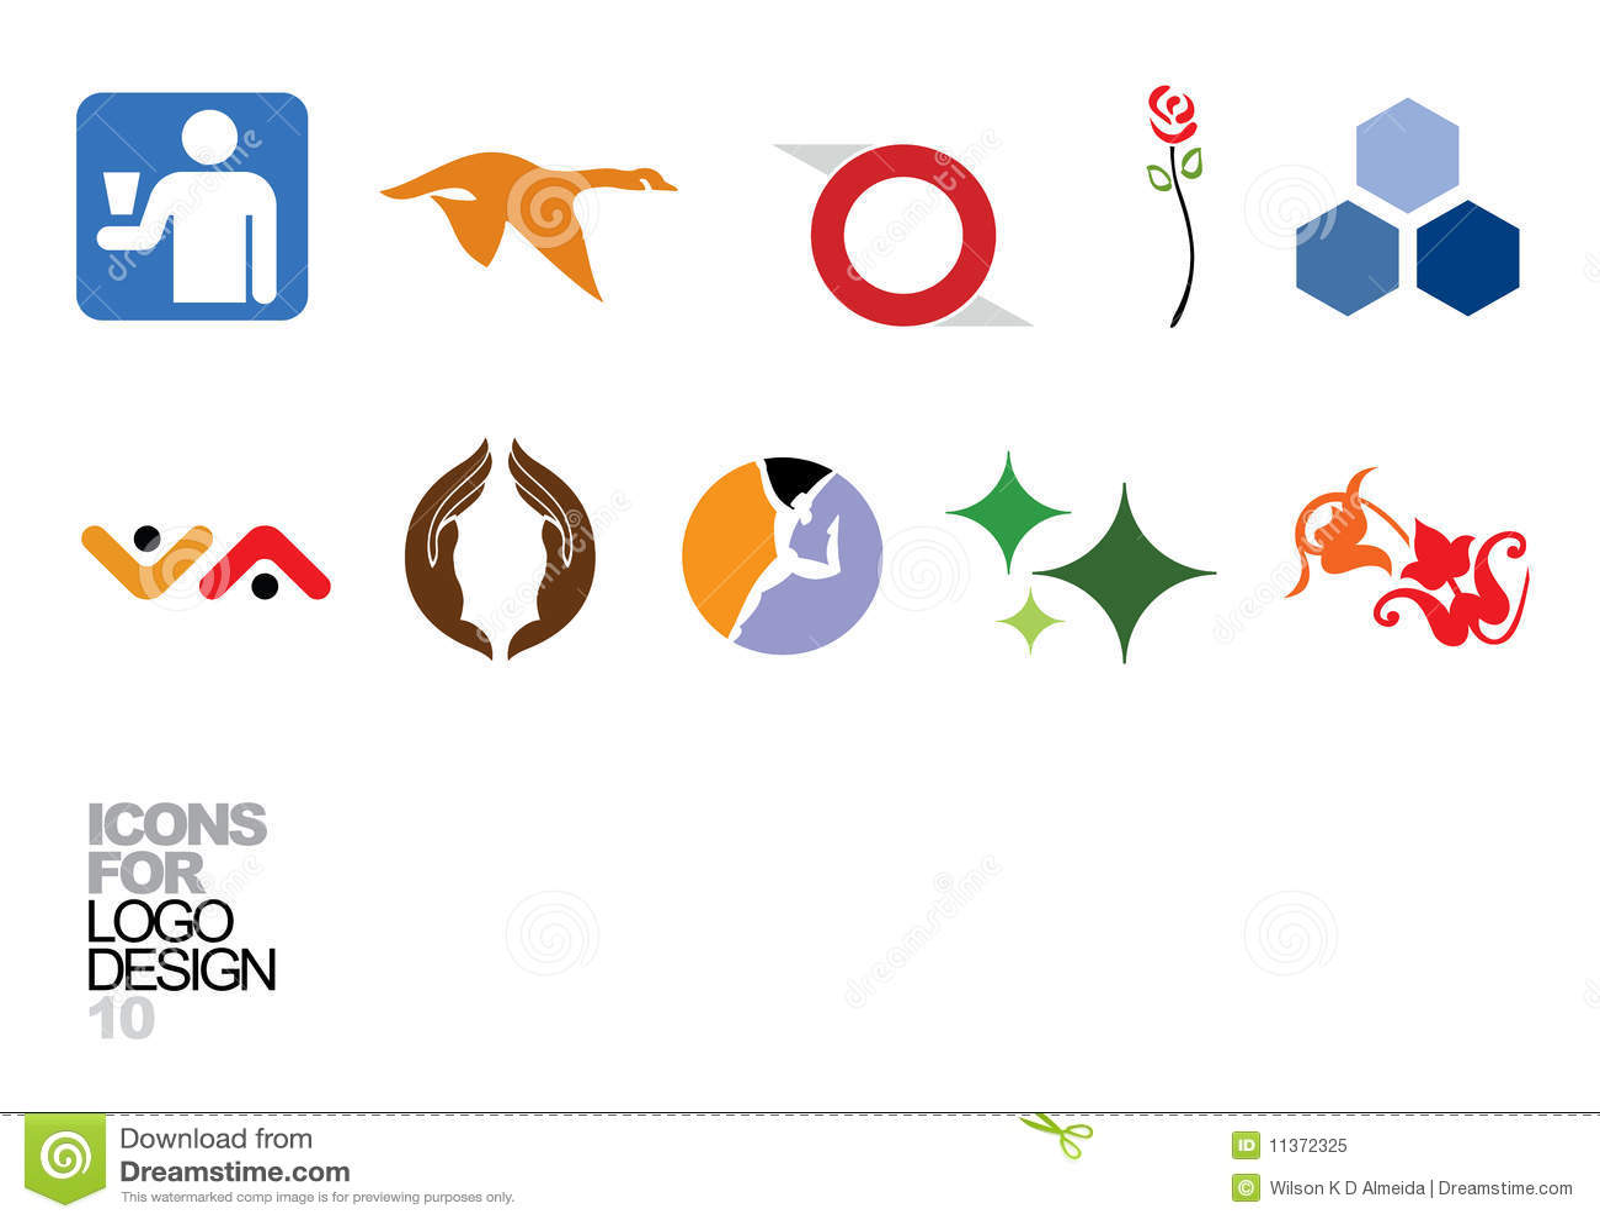 Logo design vector elements 10
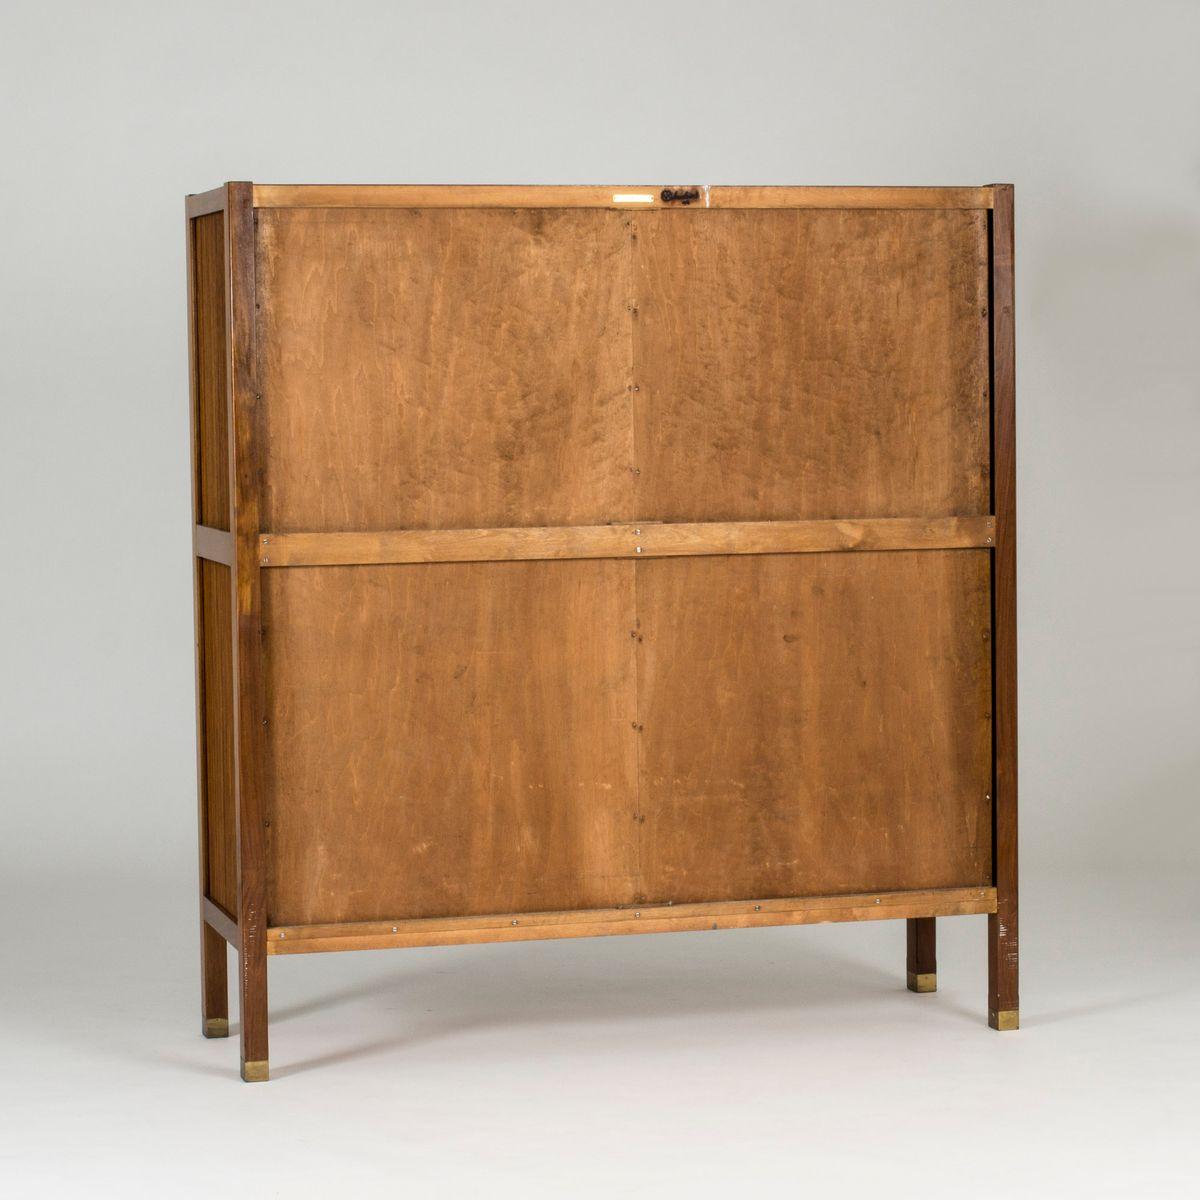 meuble en noyer par carl axel acking pour nordiska kompaniet 1950s
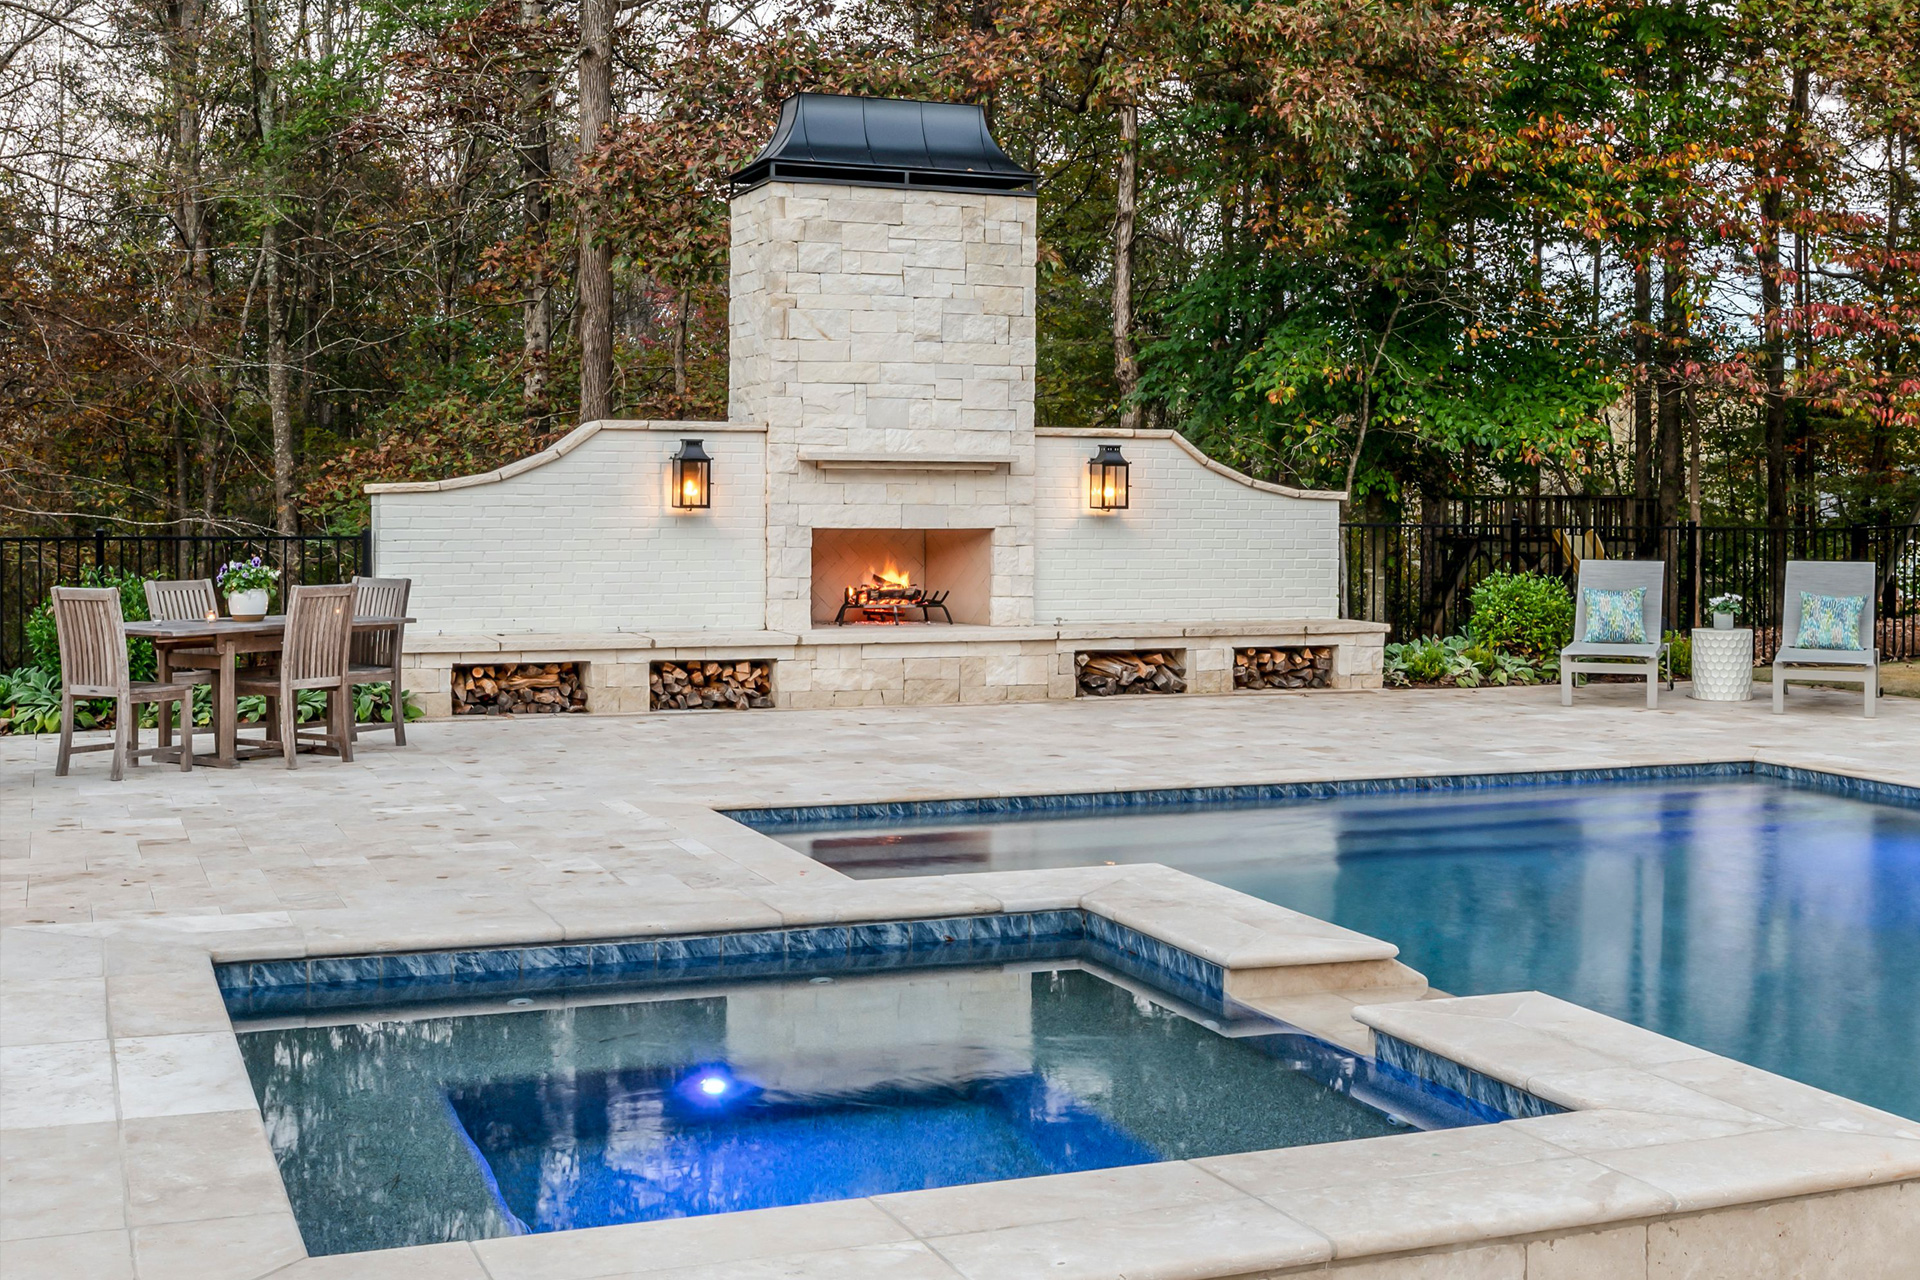 Pool Design Custom Limestone Fireplace with Travertine Pool Deck

··········

> _What the exercise asks_
Repeat the listing verbatim. Skip the pictures.

> _Solution to this exercise_
 Logo design vector elements 10
 meuble en noyer par carl axel acking pour nordiska kompaniet 1950s
 Pool Design Custom Limestone Fireplace with Travertine Pool Deck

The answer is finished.